INSTRUCTIONS FOR THE TASK → Transcribe all of the data verbatim, please, and leave out its pictures.

DATA BELOW →
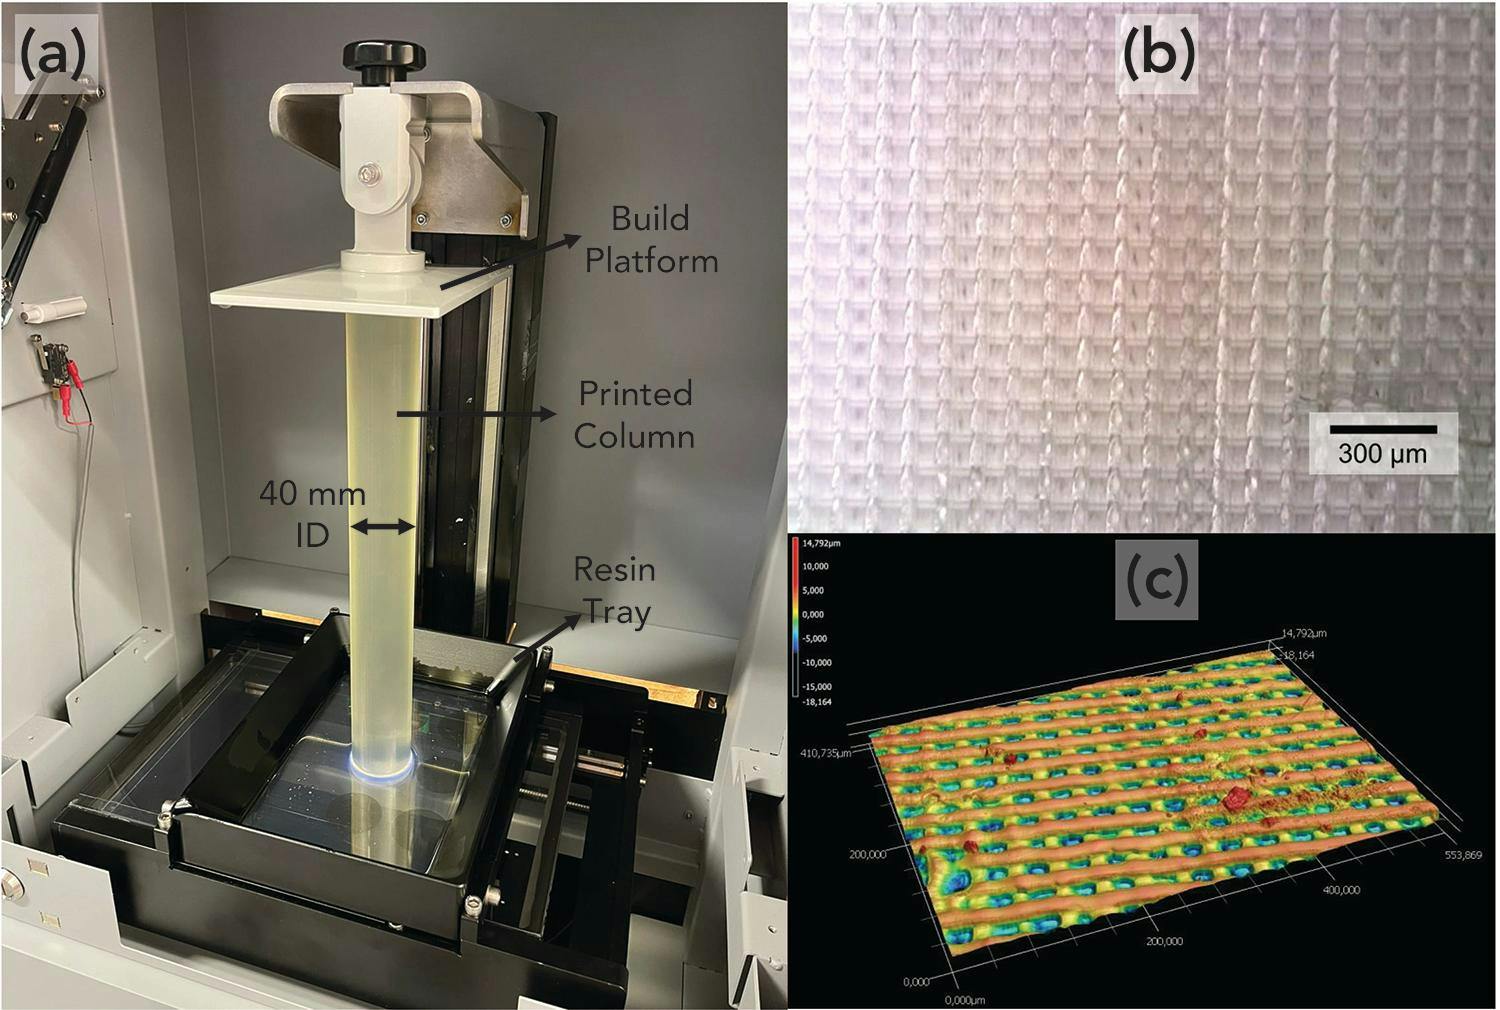 Figure 1: (a) Prototype hybrid stereolithography (HSLA) setup. A 40-mm i.d., 40-cm length column with a pore size of 50 µm is being printed using a commercial UV-curable resin. (b) An axial cutaway of the 50-µm printed lattice, and (c) optical profilometer scan of a radial cross-section of a 20 µm printed lattice.
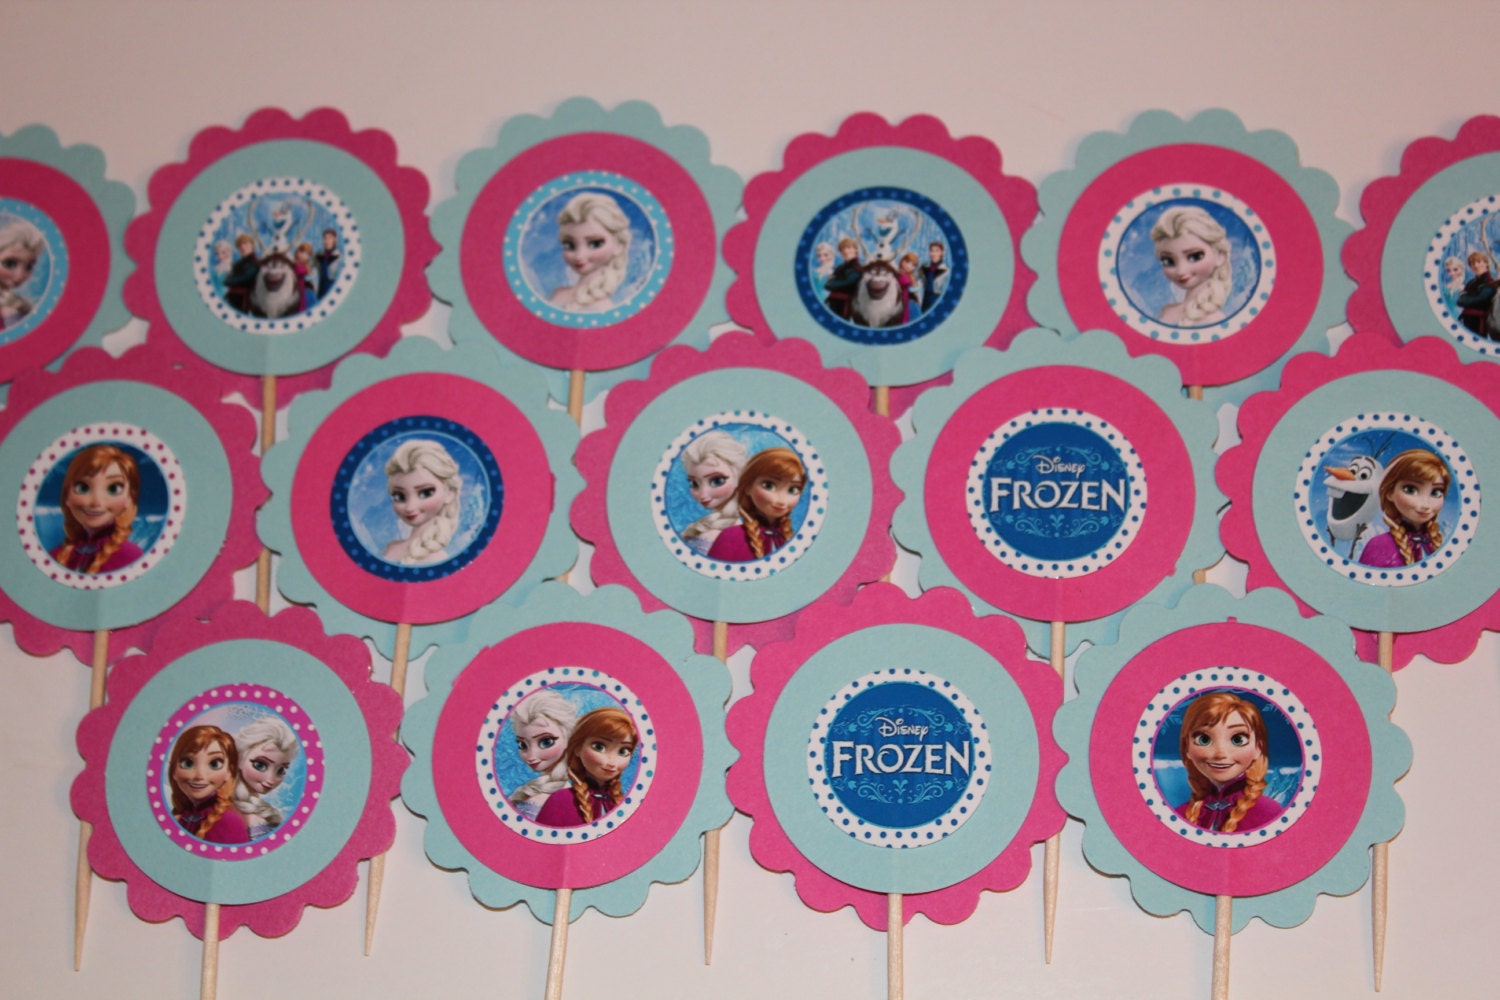 Frozen Inspired Cupcake Toppers - set of 24
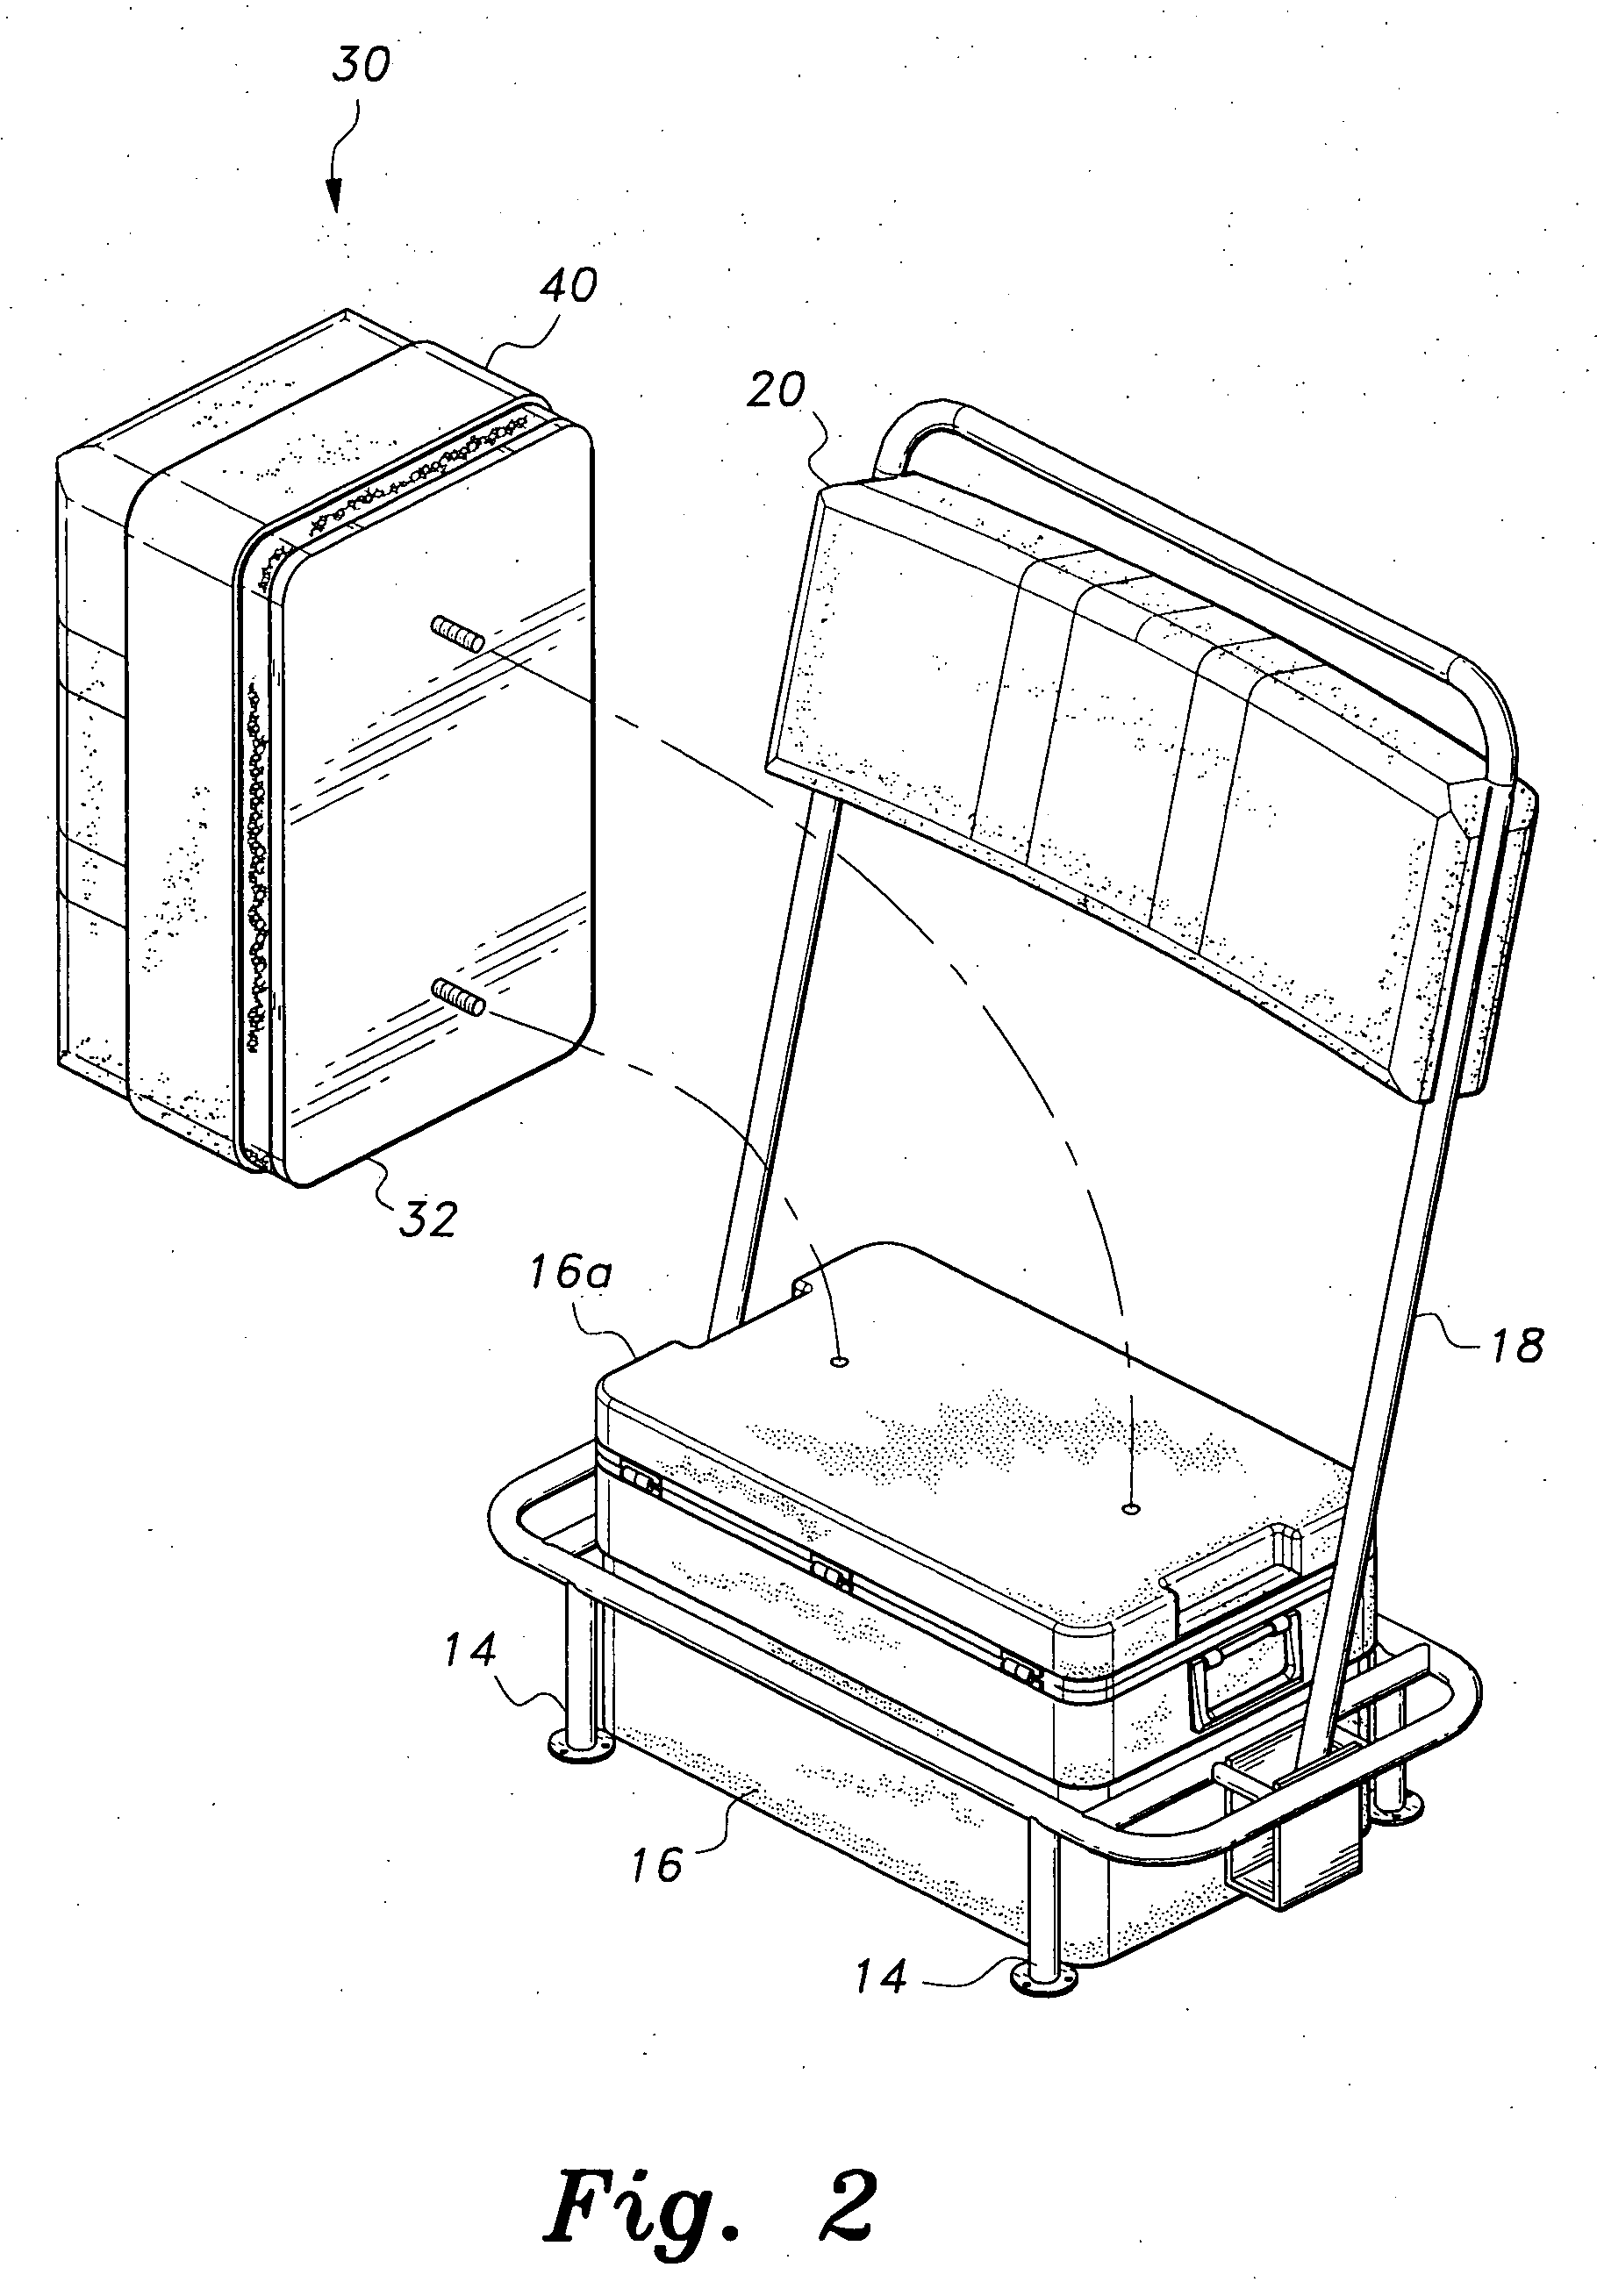 Combination cooler and seat system
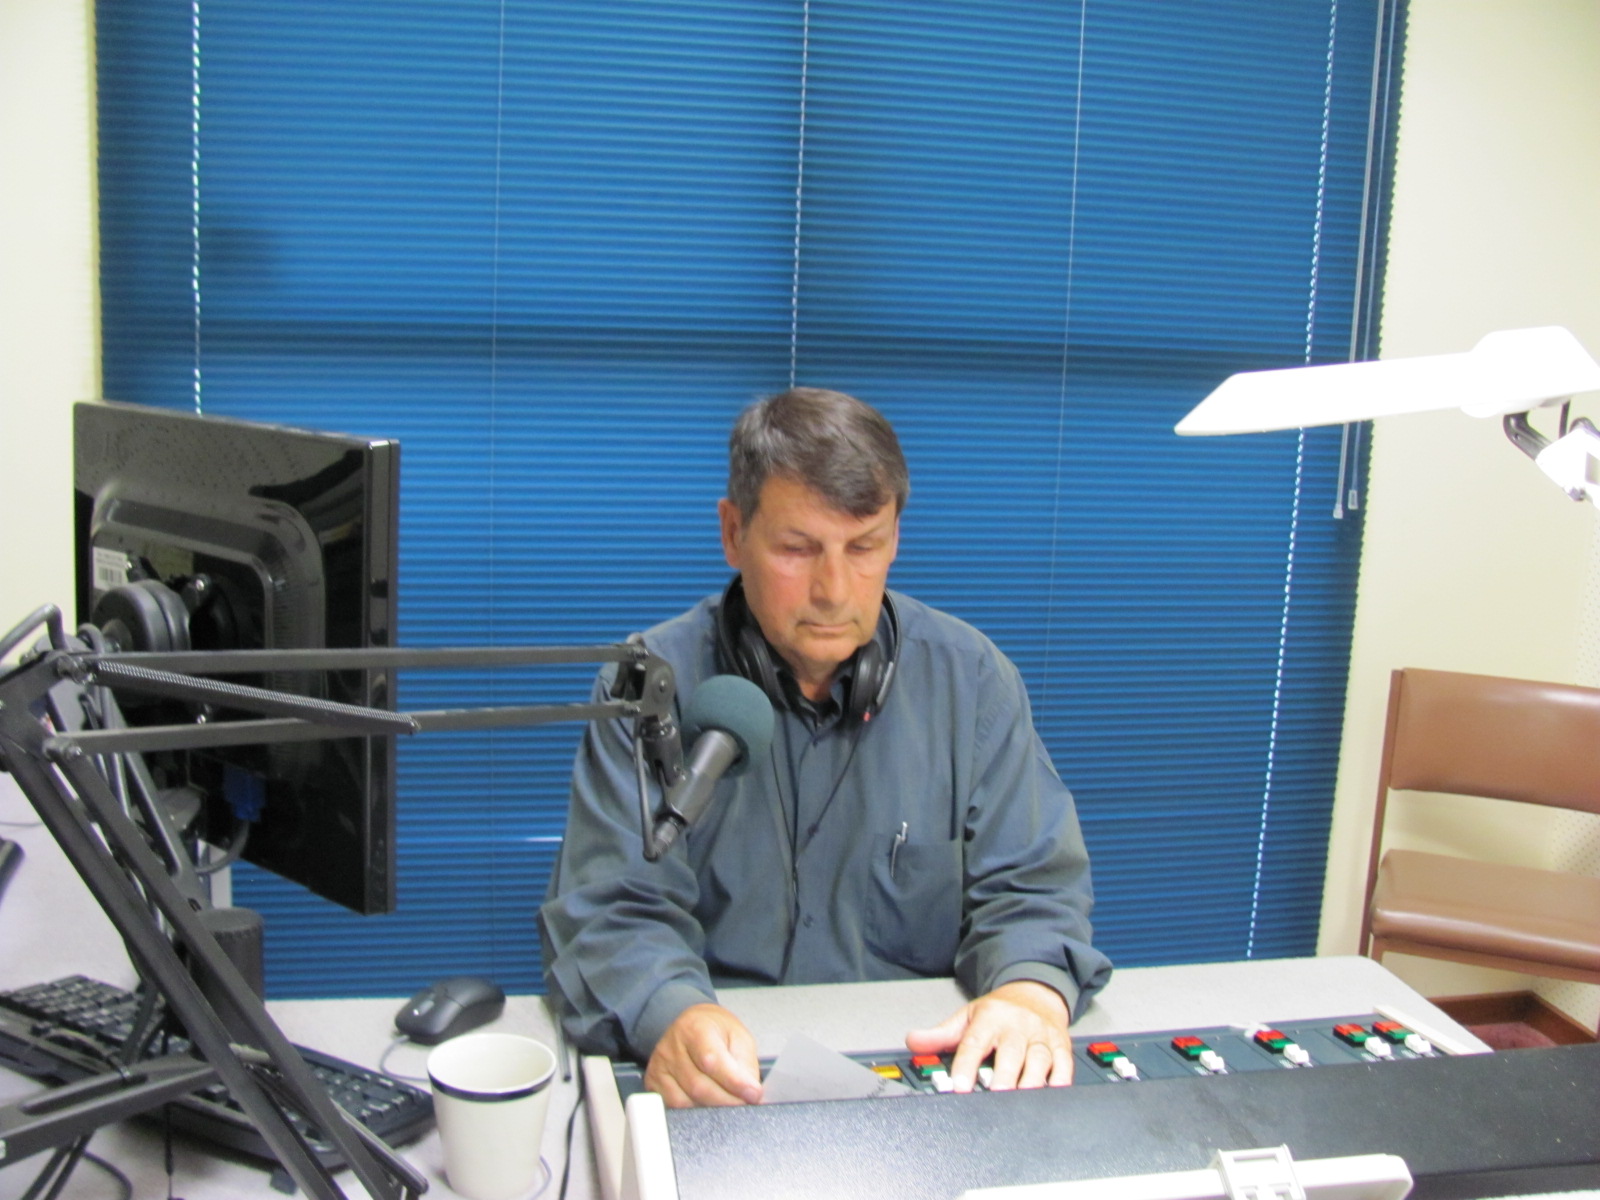 Volunteer sitting in a studio with a microphone in front of him

ANSWER SECTION →
 Figure 1: (a) Prototype hybrid stereolithography (HSLA) setup. A 40-mm i.d., 40-cm length column with a pore size of 50 µm is being printed using a commercial UV-curable resin. (b) An axial cutaway of the 50-µm printed lattice, and (c) optical profilometer scan of a radial cross-section of a 20 µm printed lattice.
 Frozen Inspired Cupcake Toppers - set of 24
 Combination cooler and seat system
 Volunteer sitting in a studio with a microphone in front of him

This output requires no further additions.